2. The method according to claim 1, wherein: (A) Retrieving the instance transformation includes requesting (724) the instance transformation from the acceleration structure cache (114); and / or (B) The method further includes retrieving geometric information of the selected lower-level nodes from the cache before submitting the selected ray group for the intersection test.

3. The method of claim 2, wherein retrieving the geometry information includes requesting (718) the geometry information from the acceleration structure cache (114).
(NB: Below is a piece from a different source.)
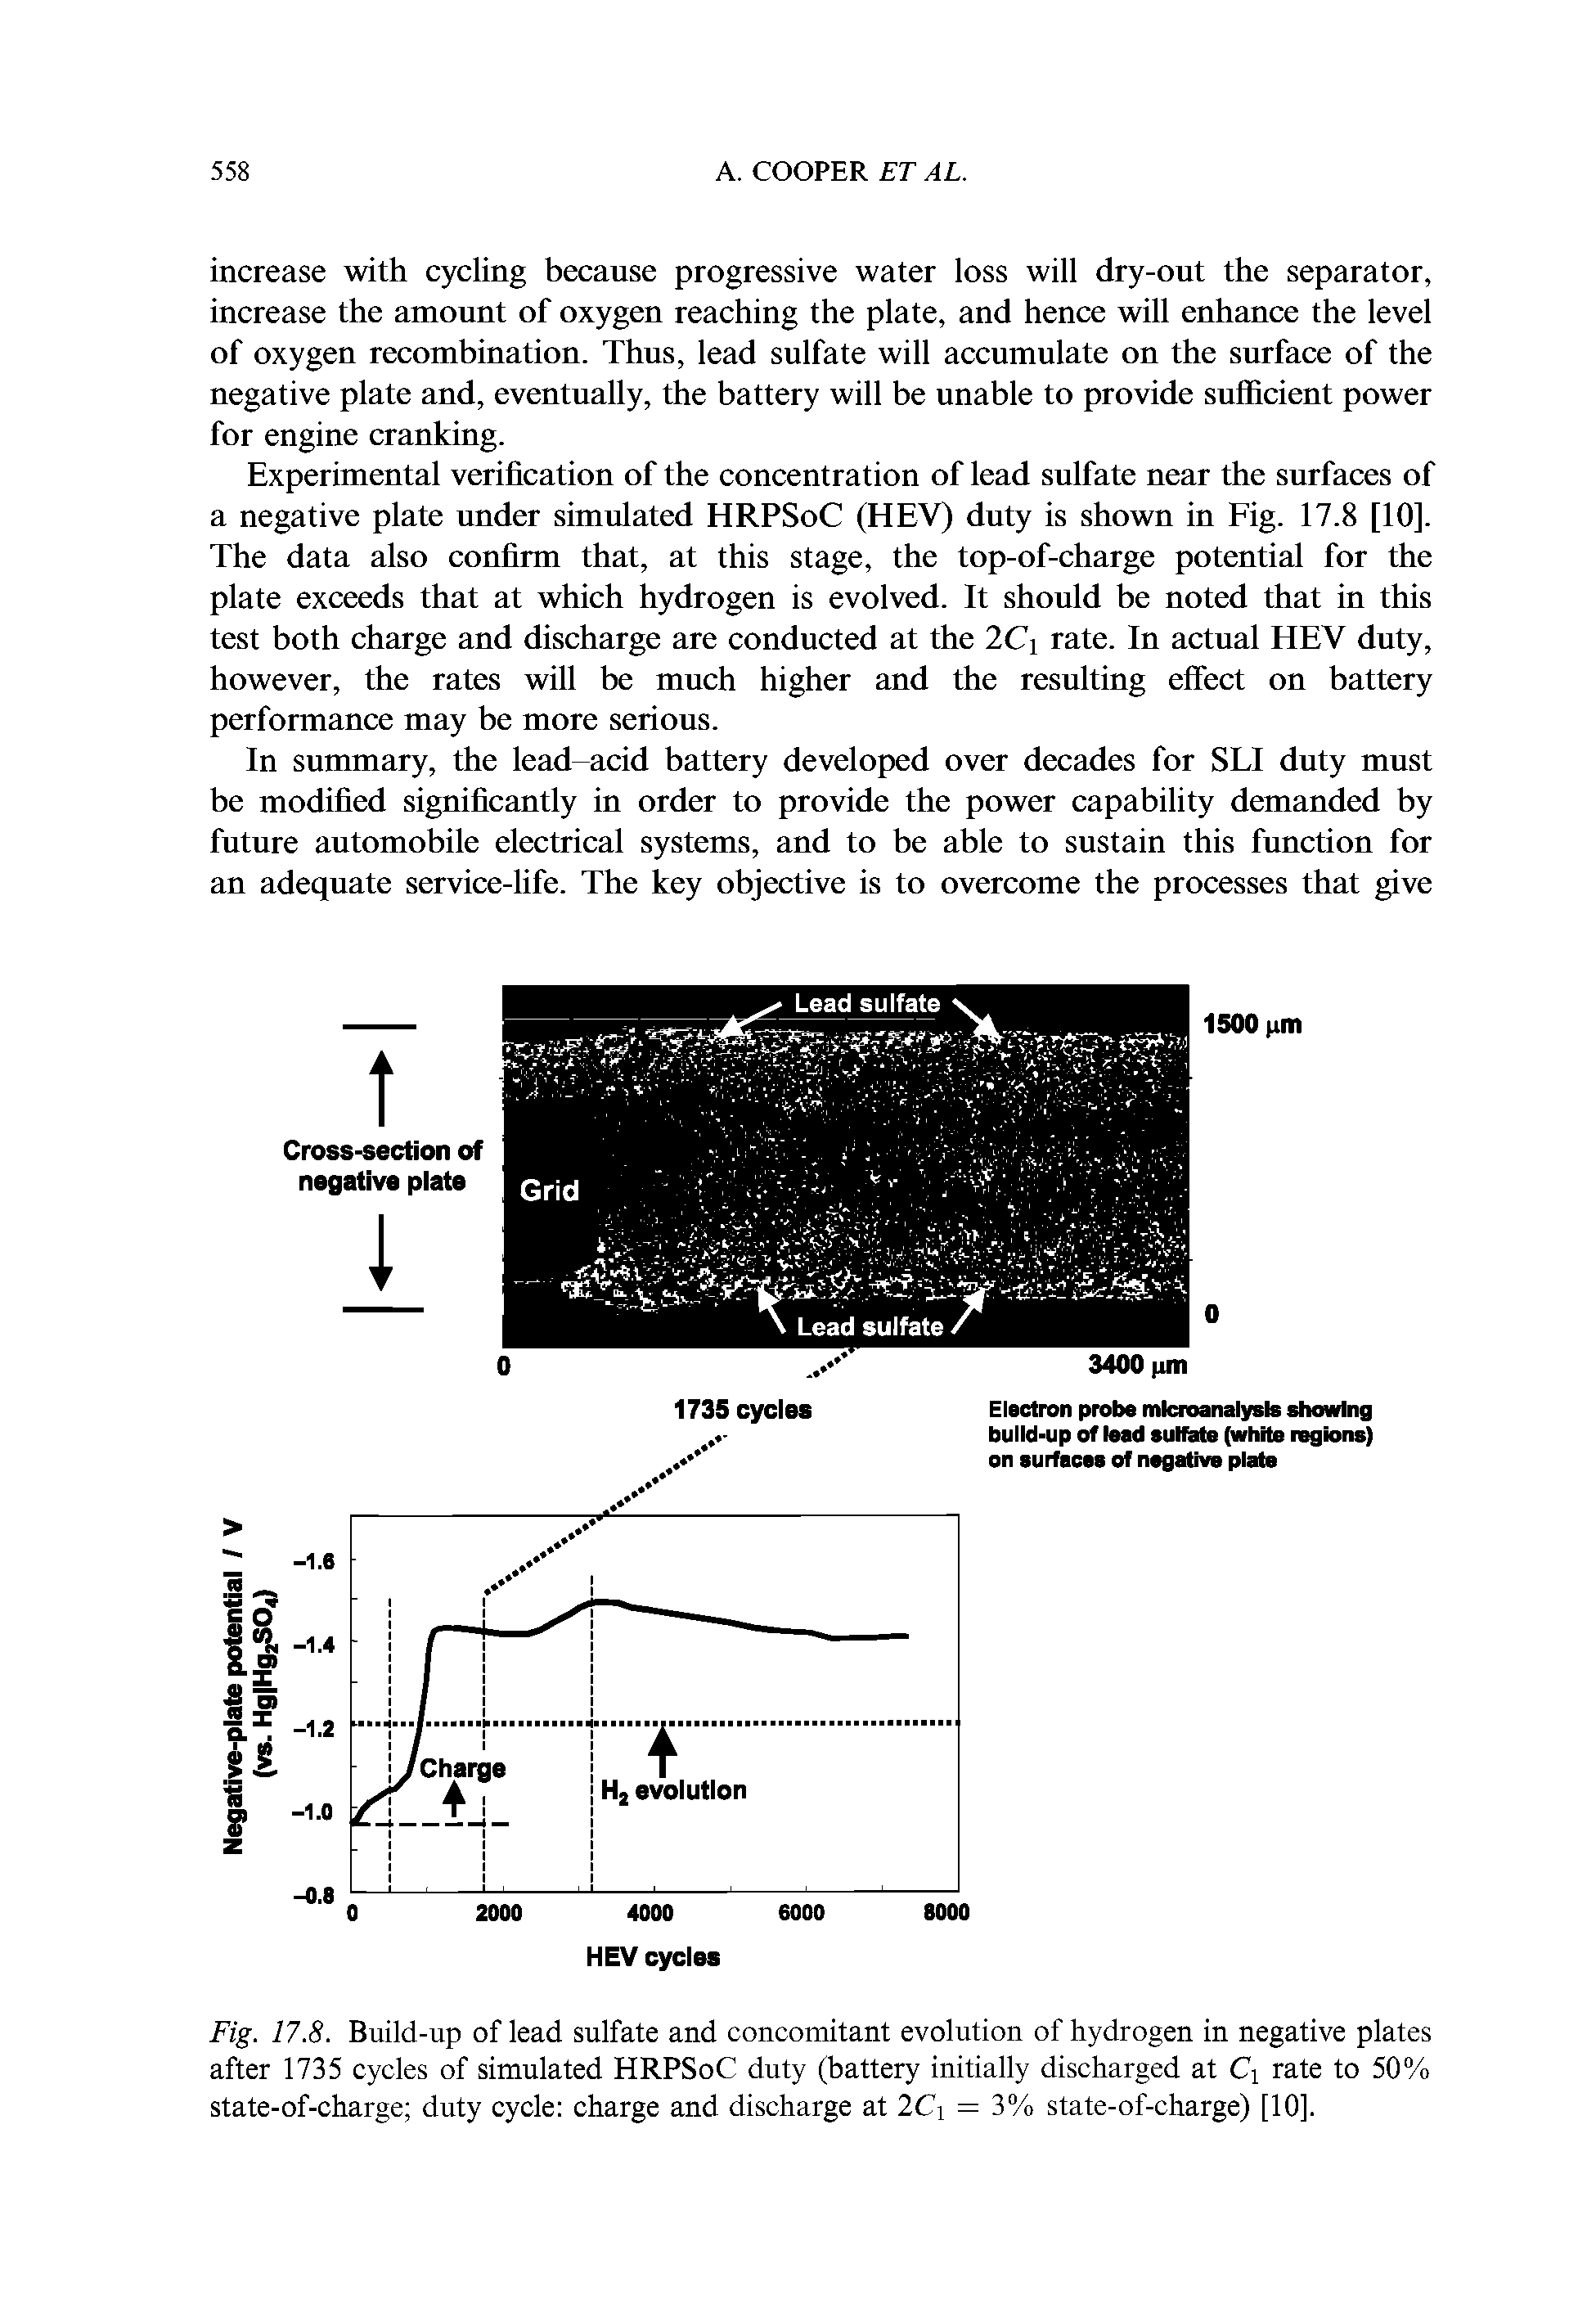 Fig. 17.8. Build-up of lead sulfate and concomitant evolution of hydrogen in negative plates after 1735 cycles of simulated HRPSoC duty (battery initially discharged at Ci rate to 50% state-of-charge duty cycle charge and discharge at 2Ci = 3% state-of-charge) [10].

4. The method of claim 2, wherein the accelerated structure cache (114) retrieves any requested geometry information and / or instance transformations not yet stored in the memory (112) from the memory (112), and returns the requested geometry information and / or instance transformations.

5. The method according to any one of the preceding claims, the method comprising selecting (716) the ray group for the intersection test based on one or more of the following criteria: The number of rays detected in the group exceeds a first predetermined threshold; The total number of rays detected in all said groups exceeds a second predetermined threshold; as well as The computational resources used to perform the intersection test were found to be underutilized.

6. The method of claim 1, wherein retrieving the instance transformation when it is not found in the instance transformation cache comprises: The instance transformation requested in (724) is as follows; Monitor whether the instance transformation has been returned; as well as After detecting that the instance transformation has been returned, continue to submit (726) the selected ray group for the intersection test.

7. The method of claim 6, wherein monitoring whether the instance transformation has been returned comprises: When requesting the instance transformation, set the flag bit (312) associated with the instance transformation; as well as Upon receiving the returned instance transformation, clear the flag bit (312).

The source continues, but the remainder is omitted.